■ Data section:
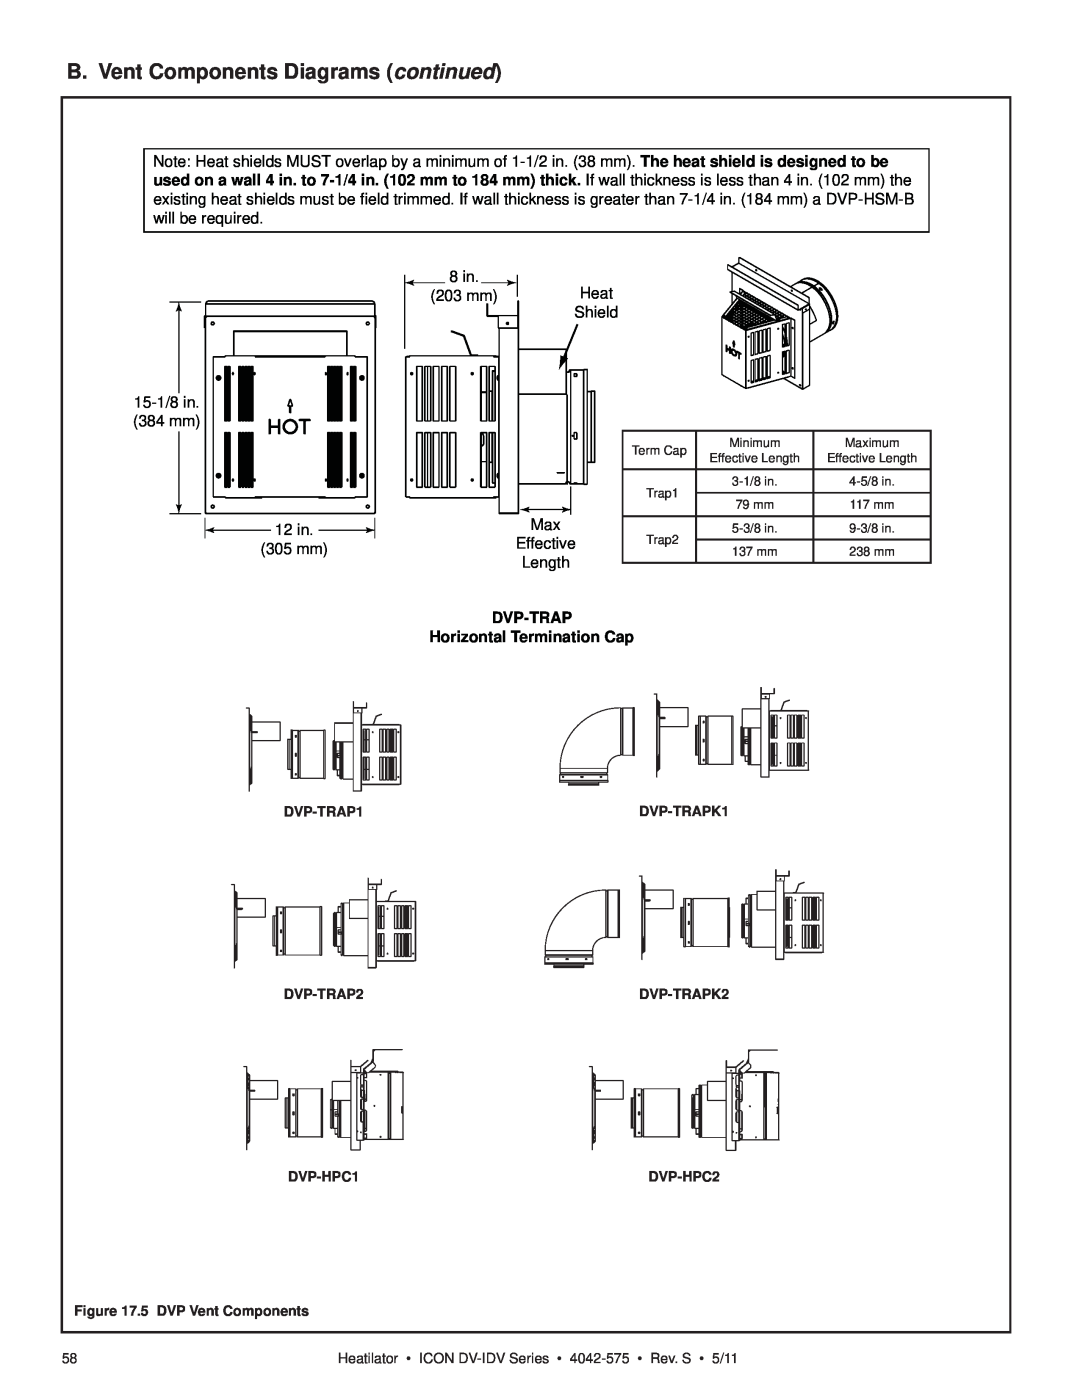 Heatiator IDV4833IT owner manual B. Vent Components Diagrams continued, DVP-TRAP Horizontal Termination Cap 
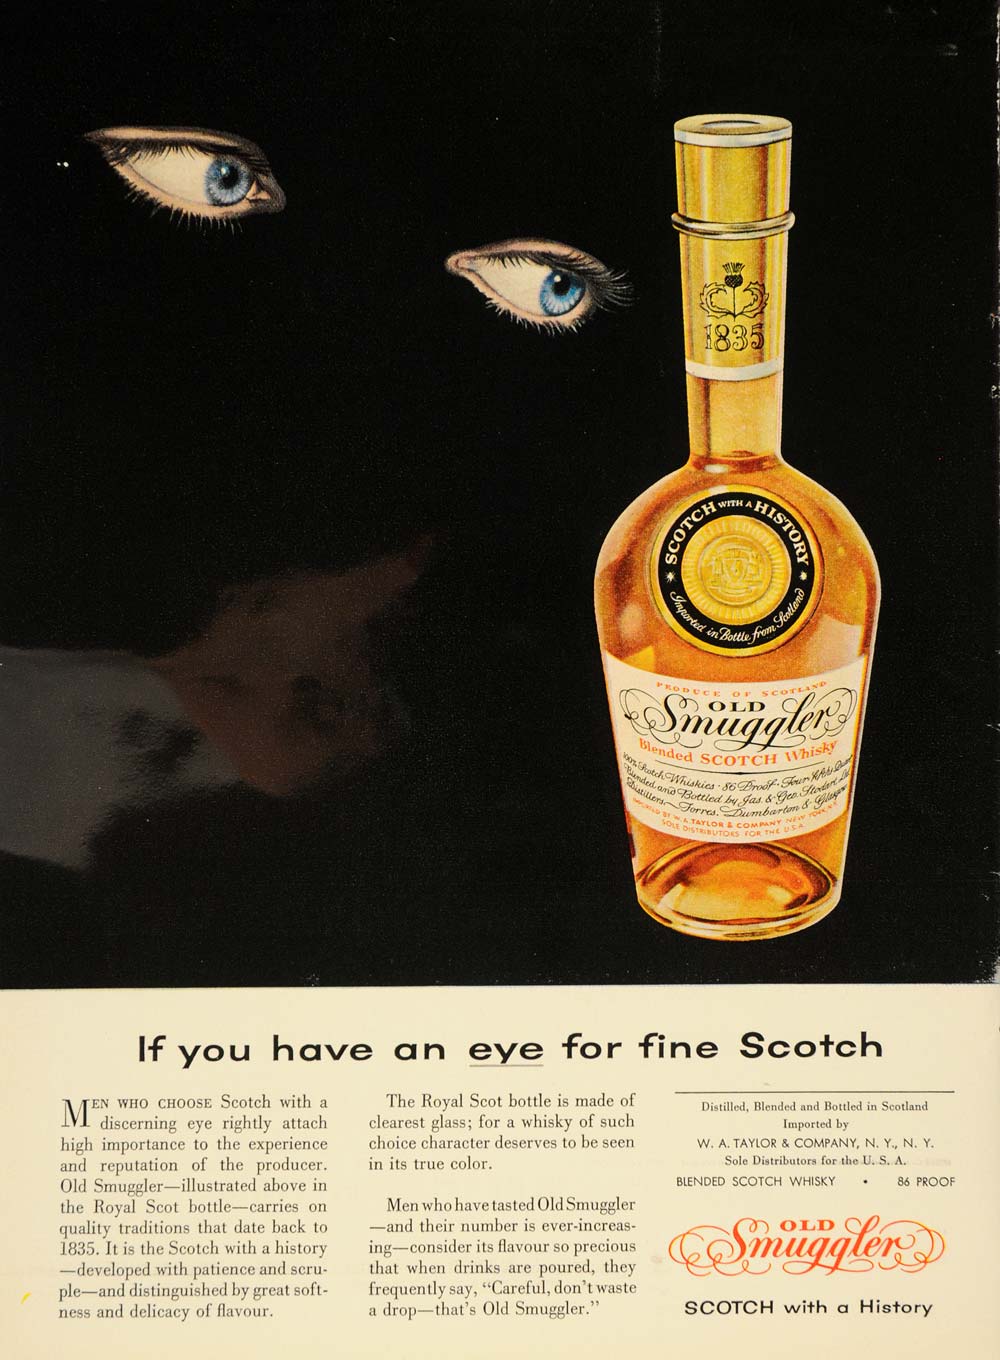 1955 Ad Old Smuggler Scotch Whisky Alcohol Beverage - ORIGINAL ADVERTISING TM5
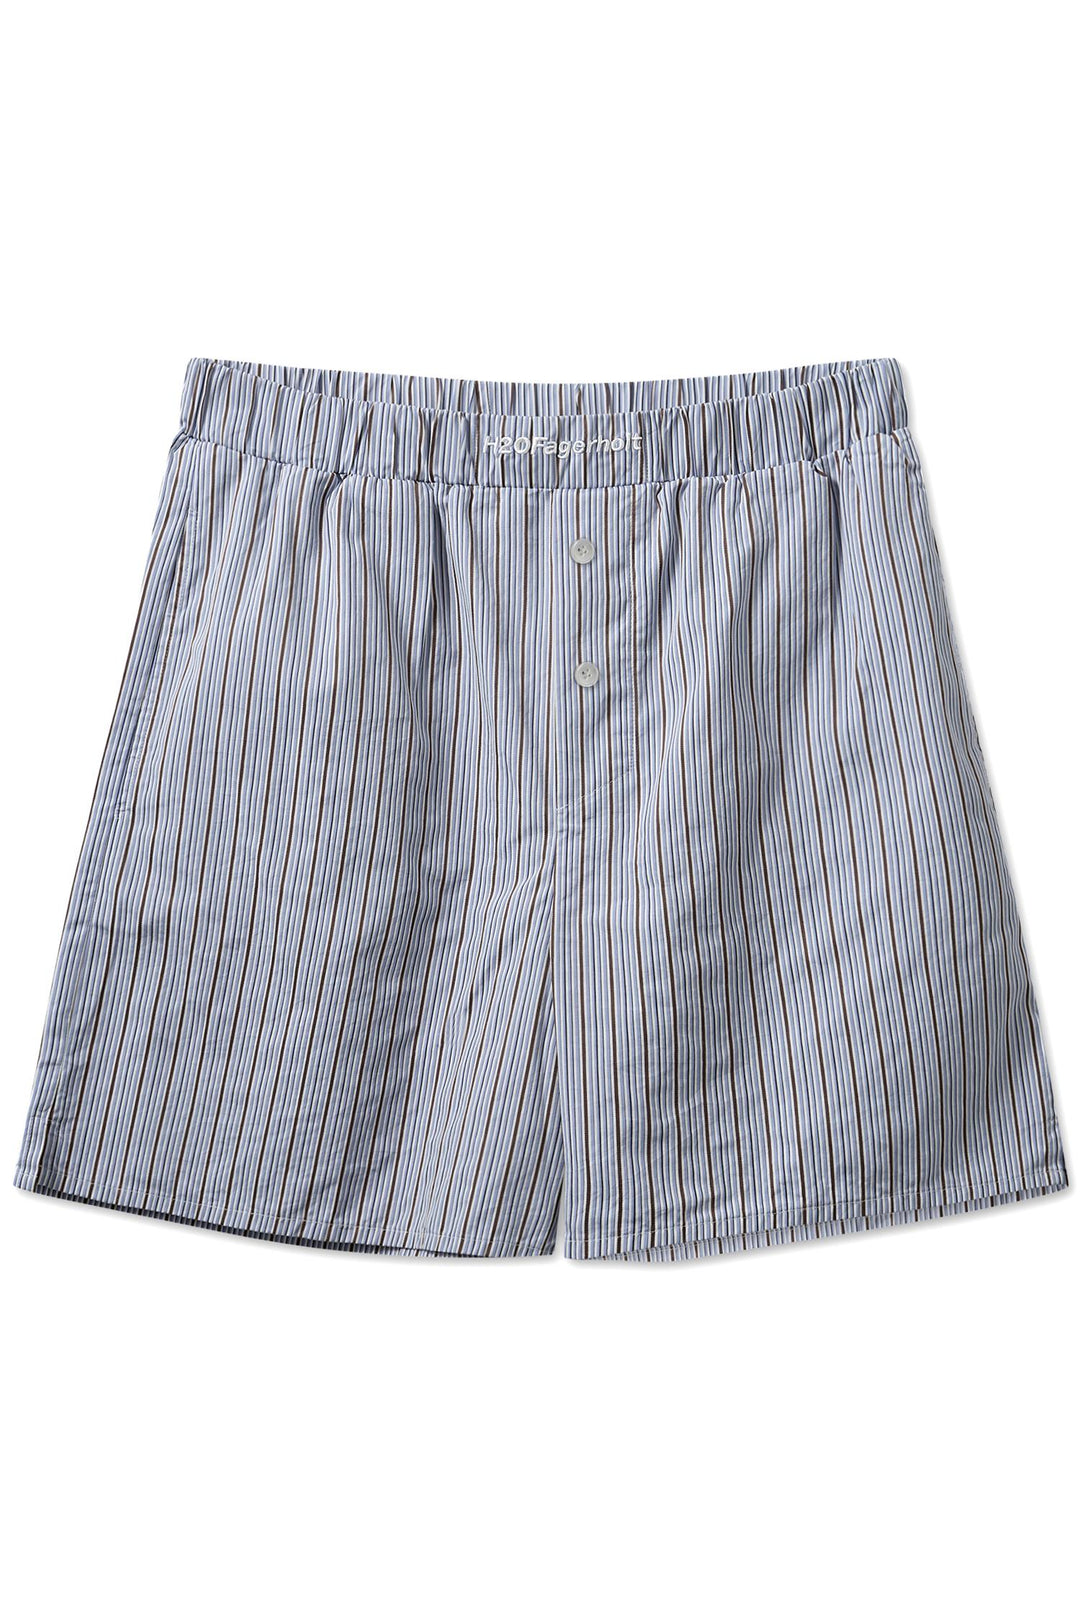 PJ Shorts Blue Stripe
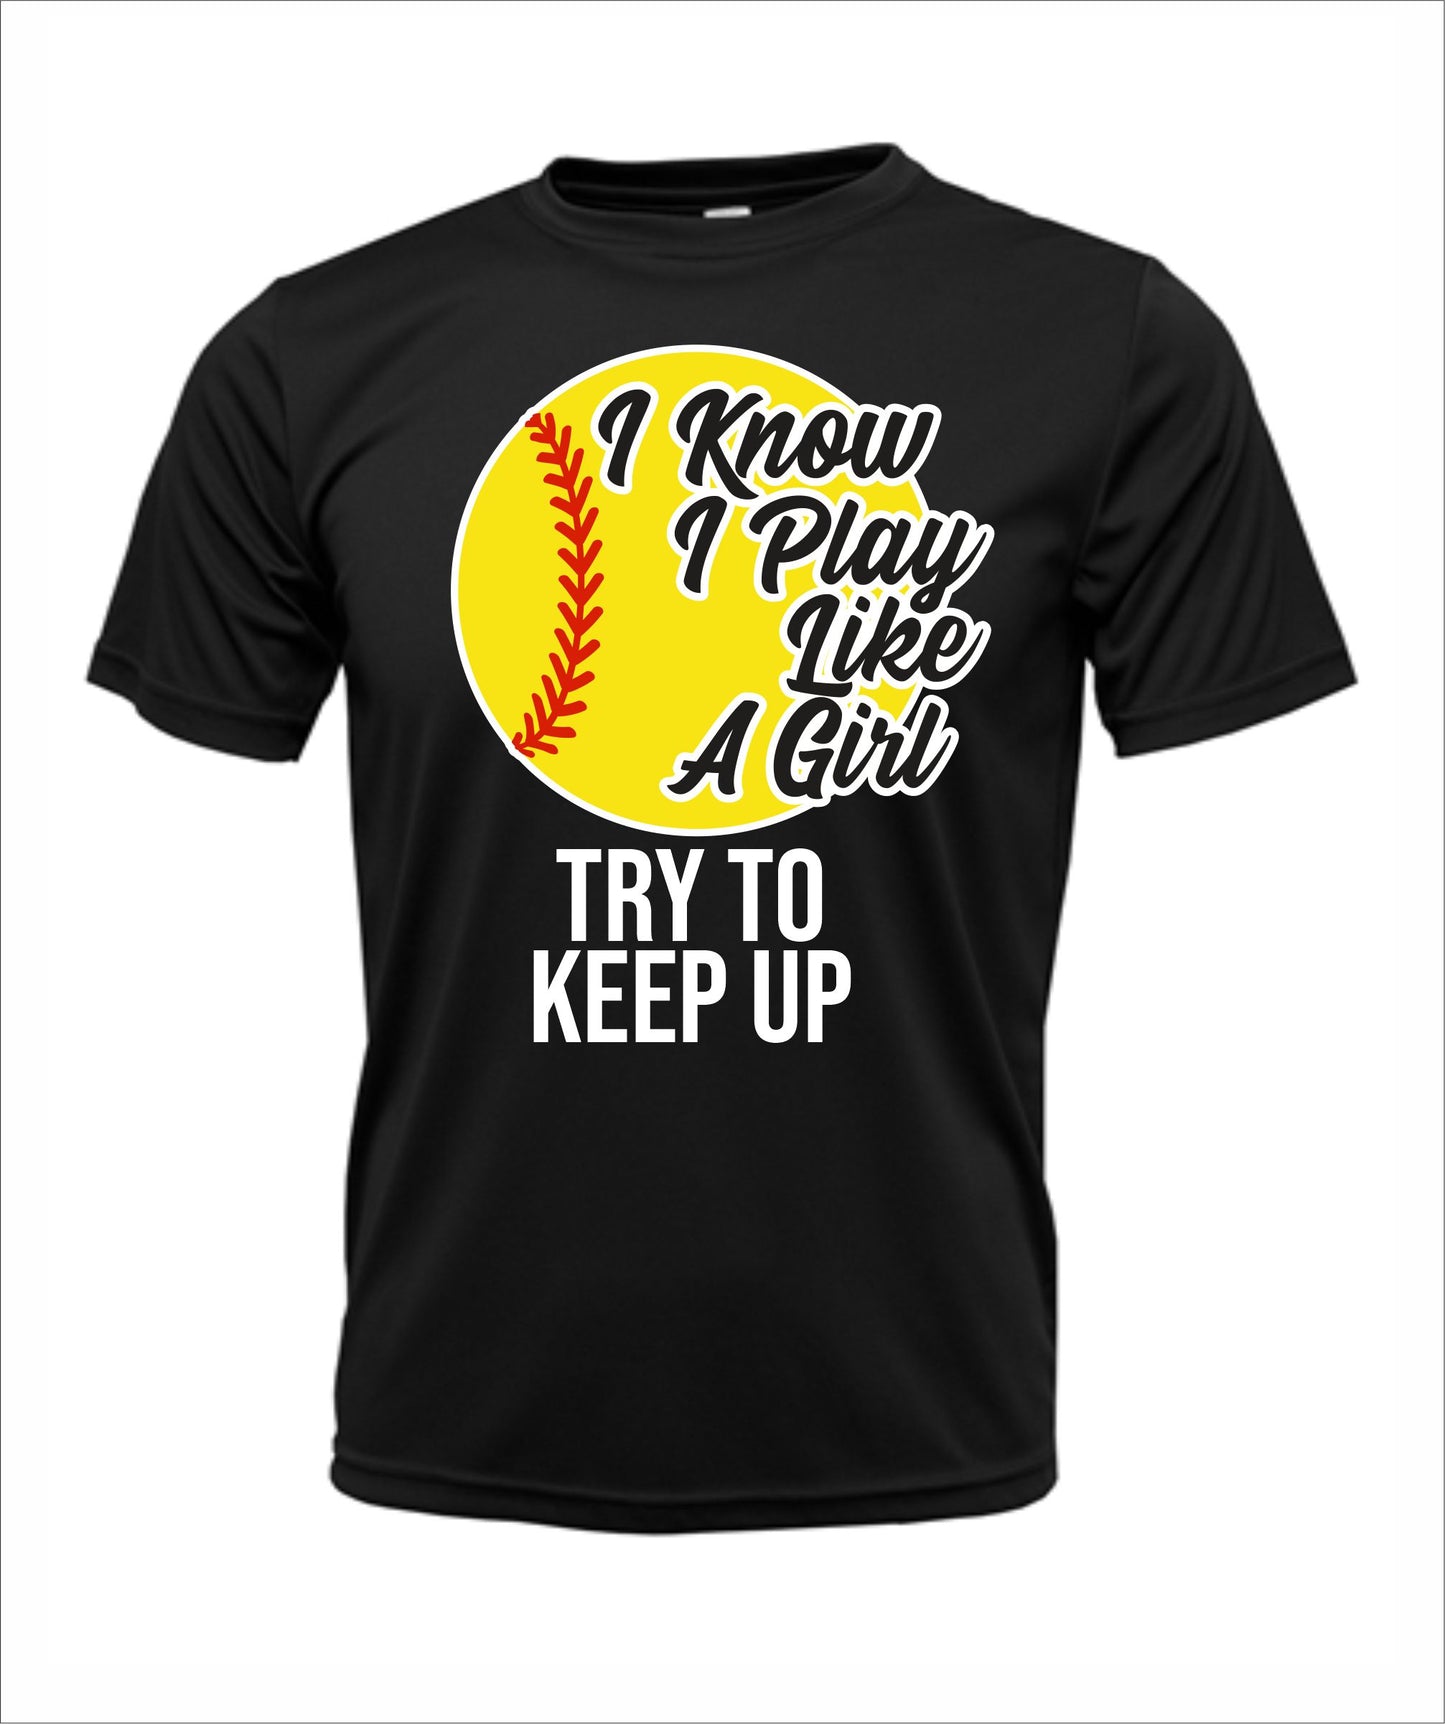 Softball "Play Like a Girl" Cotton T-Shirt

■ What the exercise asks: Retype the listing above exactly, please. Pictures do not belong in the copy.

■ Task result:
 Heatiator IDV4833IT owner manual B. Vent Components Diagrams continued, DVP-TRAP Horizontal Termination Cap 
 1955 Ad Old Smuggler Scotch Whisky Alcohol Beverage - ORIGINAL ADVERTISING TM5
 PJ Shorts Blue Stripe
 Softball "Play Like a Girl" Cotton T-Shirt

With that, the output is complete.